From: C.Bottelier <c.bottelier@ITsec.nl>
Date: Tue, 07 Jan 2003 09:15:27 +0100
Message-ID: <3E1A8C9F.6D53C809@ITsec.nl>
To: Ian Hickson <ian@hixie.ch>
CC: Andrew Clover <and@doxdesk.com>, "www-style@w3.org" <www-style@w3.org>, Bert Bos <Bert.Bos@sophia.inria.fr>

Ian Hickson wrote:
> > From a security point of view, allowing links to active content in styles is
> > dangerous.
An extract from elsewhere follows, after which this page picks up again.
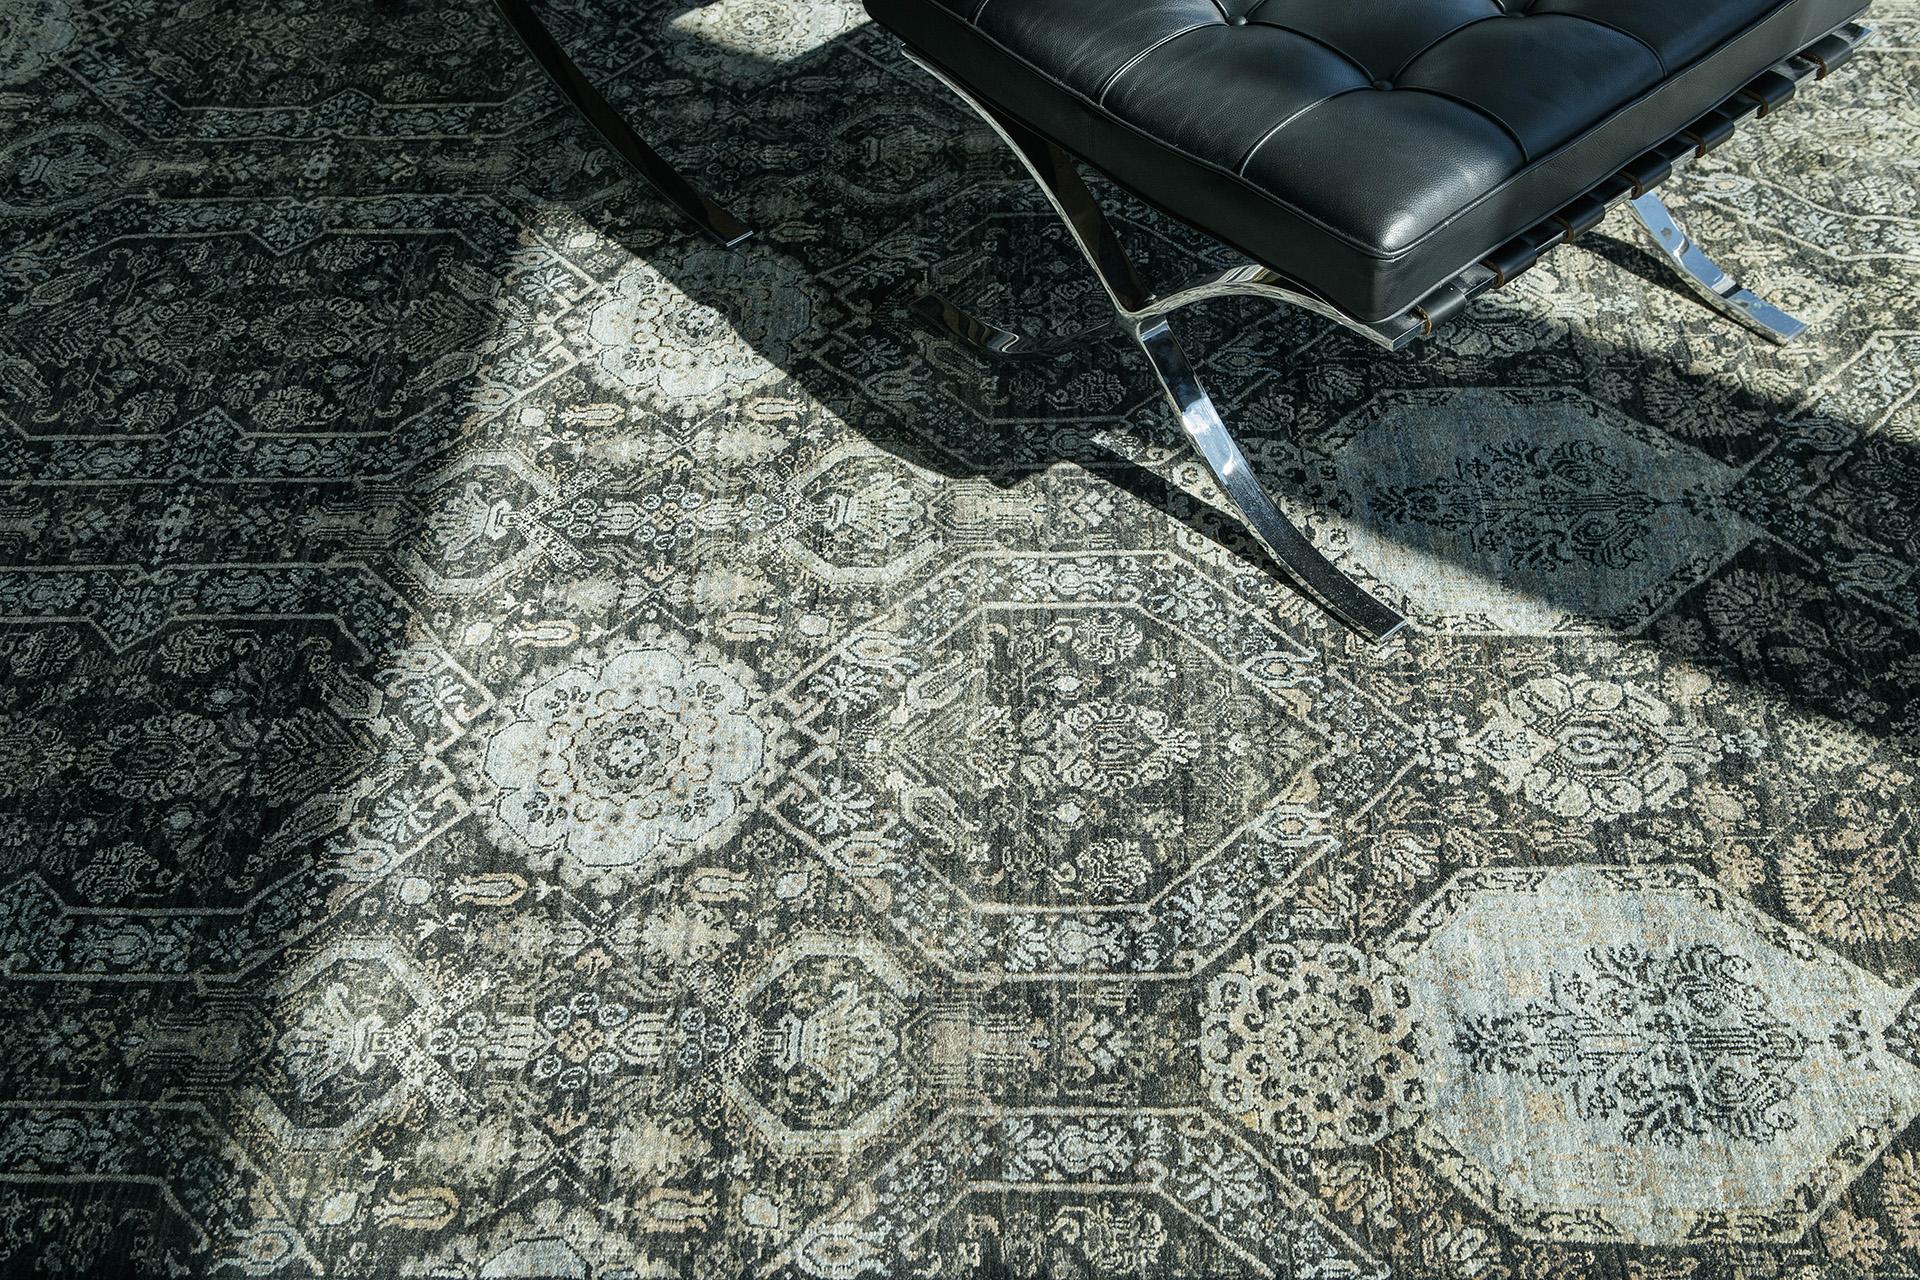 All-over design in deep grey, silver and pale coppery tones. The pattern features tile and medallion shapes elaborated with traditional palmettes, florals and embellishments. Abrash throughout creates a harmonizing effect.

Rug number:

Stylesheets are expected by many to be free of active content,
> > and are allowed in places such as user-submitted content, HTML e-mail etc.
> 
> This is a very valid concern, and is very much of interest to me.
> 
> There are several possible solutions.
> 
> One is to suggest to the XML team that a new attribute be introduced,
> xml:scripting or some such, which could indicate that everything from that
> element and deeper should be unable to execute associated script.

<snip />

> Another possible solution is to introduce some way of overriding style at
> a higher level, so that embedding content could force 'binding' to 'none'
> on the element and all its children.

<snip />
 
> I don't see XBL as introducing a larger security hole -- in fact I see its
> standardisation as bringing to the table a problem which has been ignored
> for too long.

That there is a standardized way to to change the behaviour of the
widgets
is a great thing, one of the side effects is that it introduces yet
another
security hole. However there is a slight difference between (most)
existing
ones and this new XBL hole.

(Most) previous standards (some more or less) provide a much clearer way
how to patch it (like disable ... script) With XBL the choice is to
disable XBL entirely, or only its scripting capability. The latter would
be
preferred, but due the way XBL is intended (or to be used) this could
pose
risk. This risk being the changed behaviour to rely on the scripting,
or in put other words if the scripting behaviour is disabled the changed
behaviour of a widget would be unclear or dysfunctional to the users
point of
view.

It would / could be the task of the W3C to not make only the XBL
recommendation, but also define how, where, and what should be disabled
of the functionality of XBL by the UA. This to prevent non functional
XBL when security is set to a strict model in the UA.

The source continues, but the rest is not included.